Cinéphiles et « disneyvores » ne manqueront pas d’y trouver leur compte : le bouquin regorge en effet d’une quantité impressionnante d’anecdotes dont certaines, dispensables, témoignent néanmoins du faste et de la démesure hollywoodienne des nababs de l’animation au début d’une décennie hyperbolique à bien des égards. On pense ainsi notamment à la colère noire de Robin Williams après avoir découvert que son Picasso ne valait « que » 750 000 dollars, soit cinq fois moins que la somme annoncée par Katzenberg. Ce-dernier lui avait en effet offert la toile pour compléter le faible salaire reçu par l’acteur lors de la production d’Aladdin (R. Clements, J. Musker, 1992). A l’occasion des 30 ans de La Belle et la Bête, premier long-métrage d’animation de l’histoire hollywoodienne à avoir prétendu à l’Oscar du meilleur film en 1992, Damien Duvot évoque avec nous ces très riches et fiévreuses heures dont il fut lui-même jeune spectateur en découvrant sur grand écran Oliver et Compagnie (G. Scribner, 1988) à l’hiver 1989. « Toute une époque ! »… Bien avant la nostalgie galopante des remakes « live » en cascade. *

© Third éditions

DISNEY SANS L’ONCLE WALT

Boris Szames : A quoi ressemblent les studios Disney au tournant des années 80 ?

Damien Duvot : Au tournant des années 80, les studios Disney ne sont plus que l’ombre d’eux-mêmes. Ron Miller, président des studios, tente de rebooster un peu tout ça, lançant des projets « modernes » comme Tron, mais le public ne suit pas [ni l’Académie des Oscars dont les votants refuseront au film de concourir dans la catégorie des meilleurs effets spéciaux en 1983. Tron ne devra se contenter que de concourir dans deux catégories : les costumes et le son, ndlr]. Il faut dire qu’il se bat aussi contre les actionnaires qui semblent vouloir garder le studio tel qu’il était à la mort de Walt en 1966 . En parallèle, il existe de nombreuses tensions dans le bâtiment d’animation avec une « guerre » entre certains animateurs et animatrices, entre l’ancienne et la nouvelle génération.

On date d’ordinaire le fameux « second âge d’or » à La Petite Sirène, en 1989. Or, vous commencez votre livre par Basil, détective privé (1986). Pourquoi ?

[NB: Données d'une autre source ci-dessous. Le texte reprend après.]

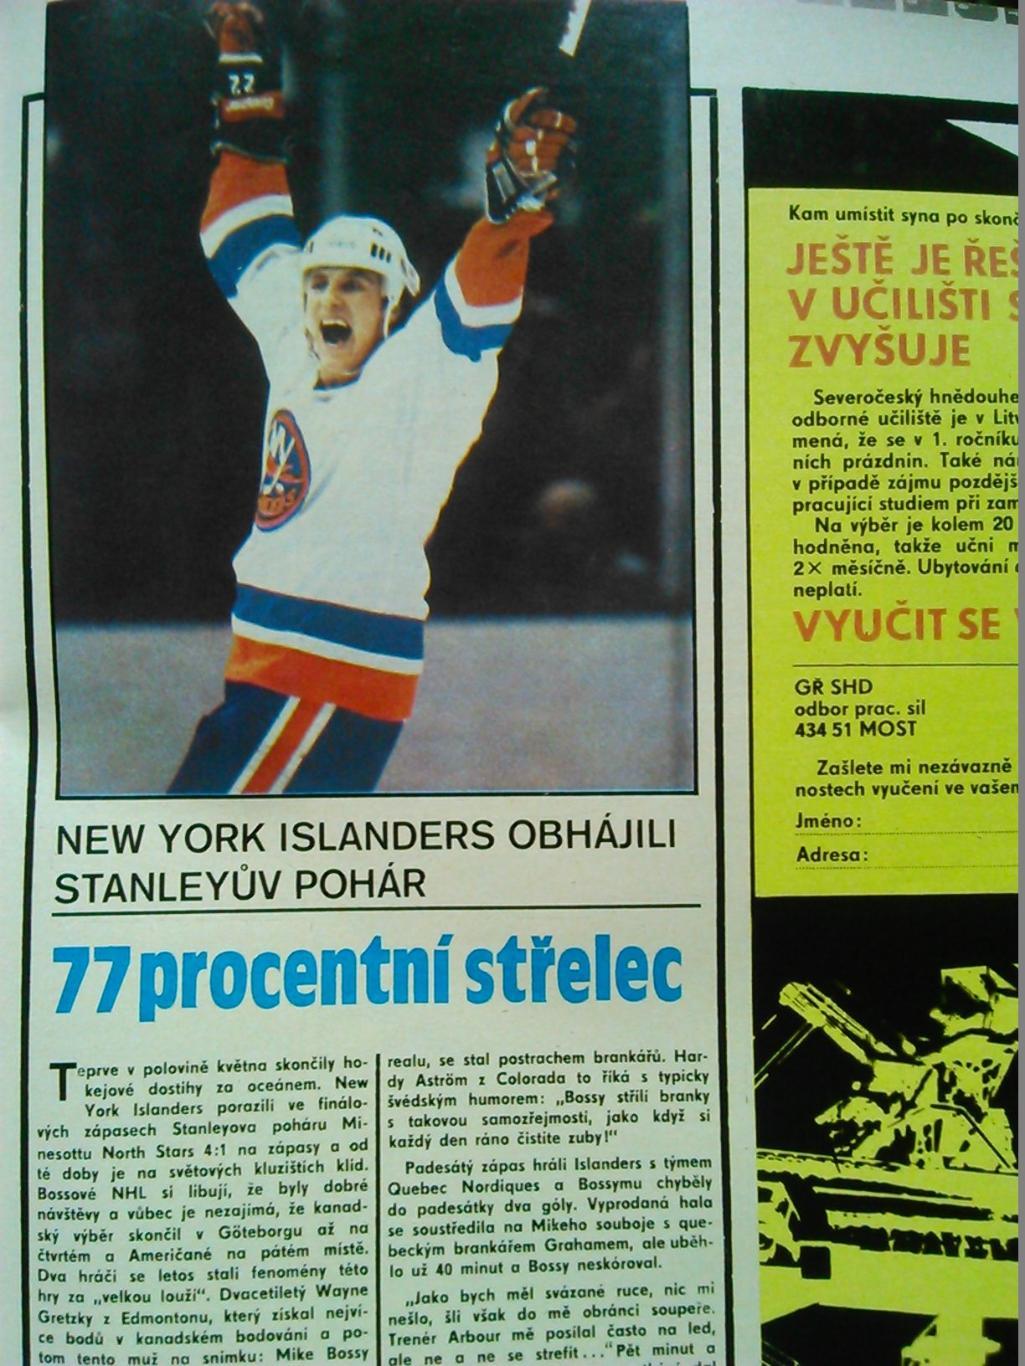 Stadion (Стадион).№ 25.1981.Футбол,хоккей-НХЛ, Гимнастика. Оптом скидки до 50%! 4

C’est Jeffrey Katzenberg, le président de Walt Disney Production (la branche cinéma) qui a définit cela au cours d’interviews pour la sortie de La Petite Sirène. Mais, le véritable second âge d’or a déjà commencé avec Oliver & Compagnie qui a battu les records d’entrées du studio pour un film d’animation [les executives du studio promettent alors de sortir un long-métrage d’animation par an, à commencer par La Petite Sirène, la suite de Bernard et Bianca et un vague projet en Afrique. Disney rachète également à cette époque des locaux à Montreuil, en France, dans l’idée d’y produire un film inspiré de La Bande à Picsou, ndlr] . Et on ne peut pas vraiment parler de La Petite Sirène sans étudier Basil des mêmes réalisateurs, Ron Clements et John Musker. C’est en fait à partir de Basil, détective privé que Disney connaît son impulsion.

Jeffrey Katzenberg est une figure majeure de l’histoire du studio à cette époque. De qui s’agit-il exactement ?

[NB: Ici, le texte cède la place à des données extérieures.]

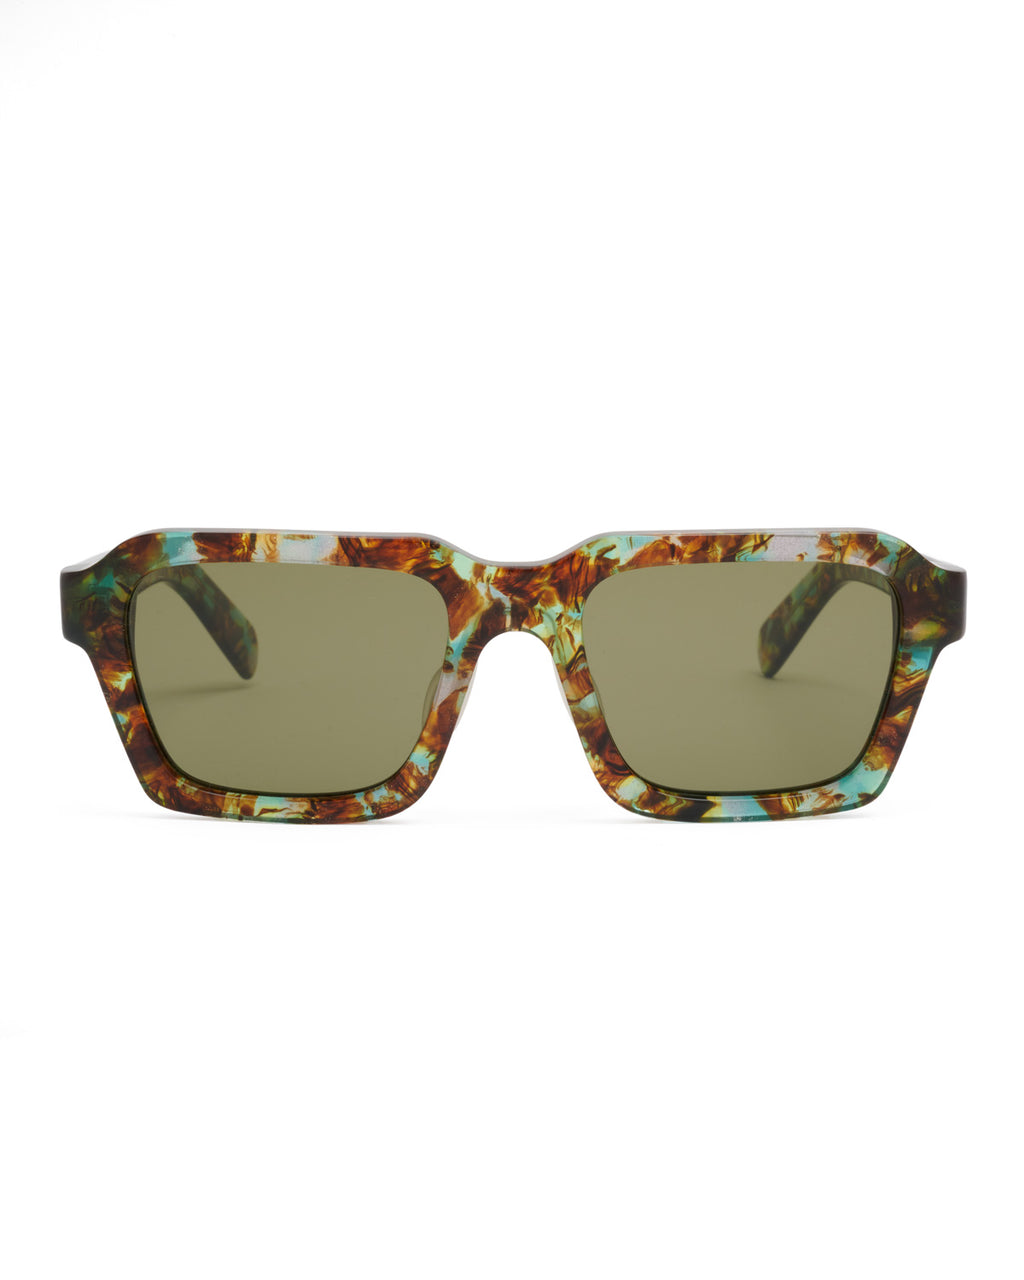 Staunton Post Modern Primitive Eye Protection Sunglasses - Forrest/Green

Jeffrey Katzenberg travaillait à la Paramount comme président des productions, quand Michael Eisner était P-DG du même studio. Lorsqu’Eisner est arrivé à Disney en 1984 avec Frank Wells, il a tout naturellement proposé à Katzenberg de le rejoindre. Ils ont utilisé leurs méthodes de la Paramount pour relancer Disney [et notamment de redoutables séances de pitch, ndlr]. N’y connaissant rien au domaine de l’animation, Katzenberg s’est mis à l’étudier et s’y est pris d’affection, alors qu’Eisner voulait fermer le bâtiment. C’est Katzenberg qui a voulu que Disney puisse produire un film d’animation par an, alors qu’on était à un film tous les 4 ans environ, et il a supervisé tous les films de cette période jusqu’à son départ en 1994.

Frank Wells et Michael Eisner, les têtes pensantes du studio, entourés de l’écurie Disney © Disney Enterprises

De gauche à droite : Peter Schneider, Roy E. Disney et Jeffrey Katzenberg au début des années 90 © Disney Enterprises

Vous expliquez aussi, fait méconnu, que la galaxie Spielberg gravite autour de Disney à cette période, notamment via Don Bluth et Robert Zemeckis. Comment se produit cette rencontre et comment va-t-elle influencer le studio d’un point de vue artistique, technique et économique ?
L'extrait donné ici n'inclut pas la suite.